Version:
v1.17.0+k3s.1
Describe the bug
ARM64 and ARM airgap image tarballs contain some AMD64 images instead of the correct arch.
To Reproduce
Examine released files. Unpacked k3s-airgap-images-arm.tar and examined content with:
for d in *.json; do [ $d != manifest.json ] && jq .architecture < $d; done
Expected behavior
Should only see "arm" for all images.
Actual behavior
"amd64"
"arm"
"arm"
"arm"
"amd64"
"amd64"
"arm"
Additional context
This appears to have been broken for a while, maybe it never worked correctly on arm/arm64.
Thanks for the info @gbritton!
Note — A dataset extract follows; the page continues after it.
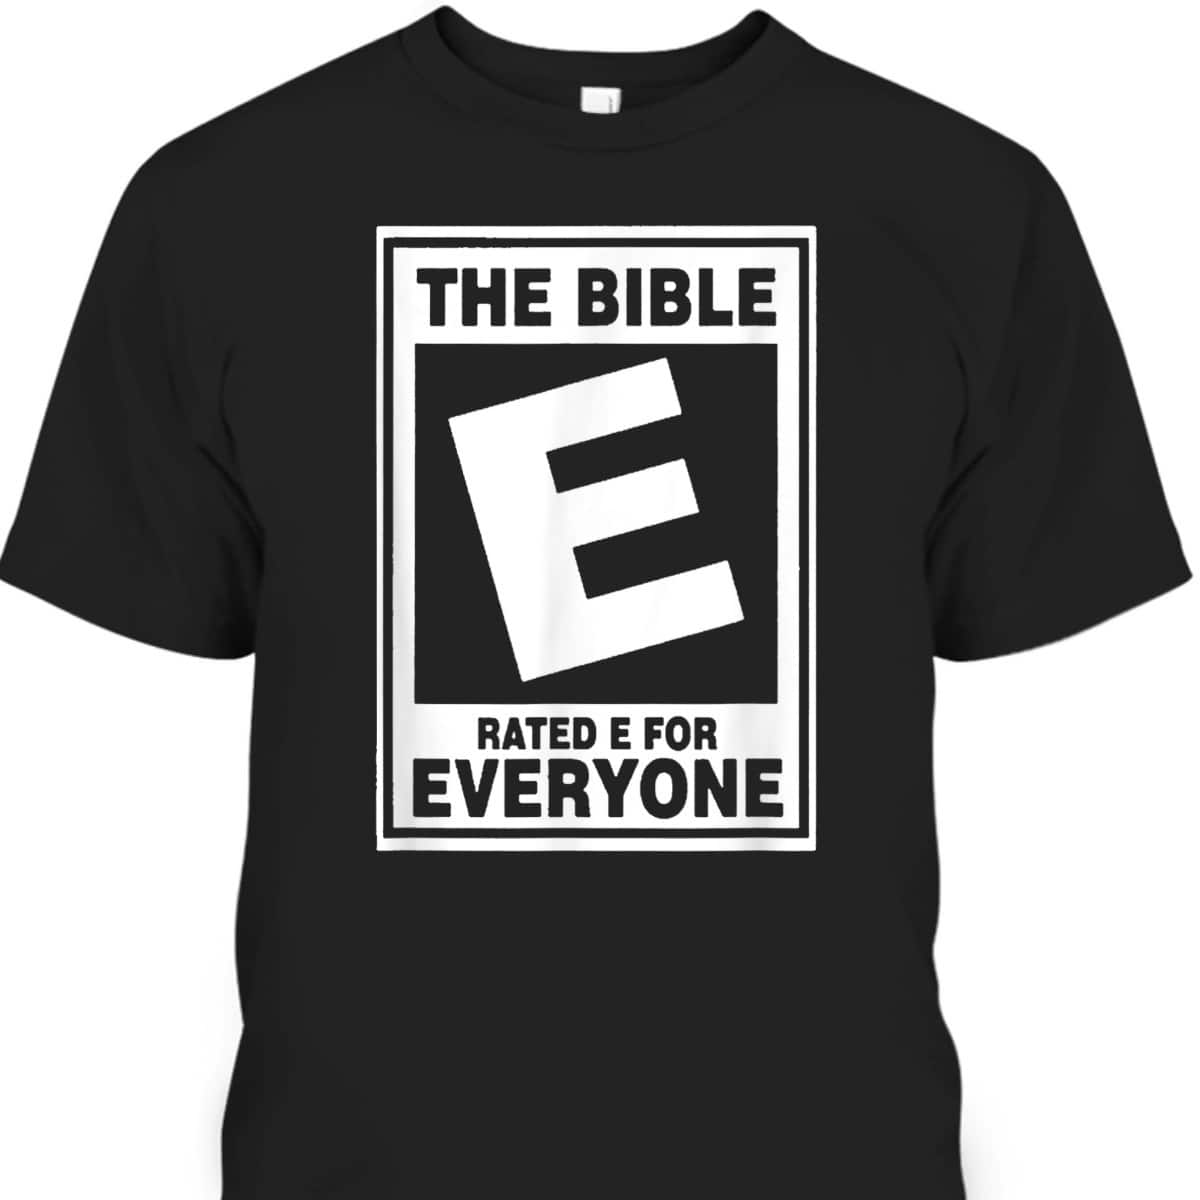 The Bible Rated E For Everyone Funny Christian T-Shirt

We definitely need to dig deeper into this. Strangely it appears that even tho the metadata says amd64, the extracted binaries look to be the appropriate architecture. Since we are using a simple docker command to download and save those images it appears to be an upstream docker issue (https://github.com/rancher/k3s/blob/master/scripts/package-airgap).
These may be related: #1278 and #1094 (I've seen a few other complaints online, but these at least are here). These appear to be people hitting containerd errors when using the airgapped images on arm64. In my limited toying with "ctr i import airgap-images.tar" it fails on the mixed images. Curiously, this appears to succeed back on v0.9.1, and the few missing images got pulled from the internet. Newer versions I end up with containerd complaining about missing objects, I'm guessing because the import of improper data left things in a bad state. I wish I had time to debug this further, but this is at least the impression I've gotten from what little I've dug into.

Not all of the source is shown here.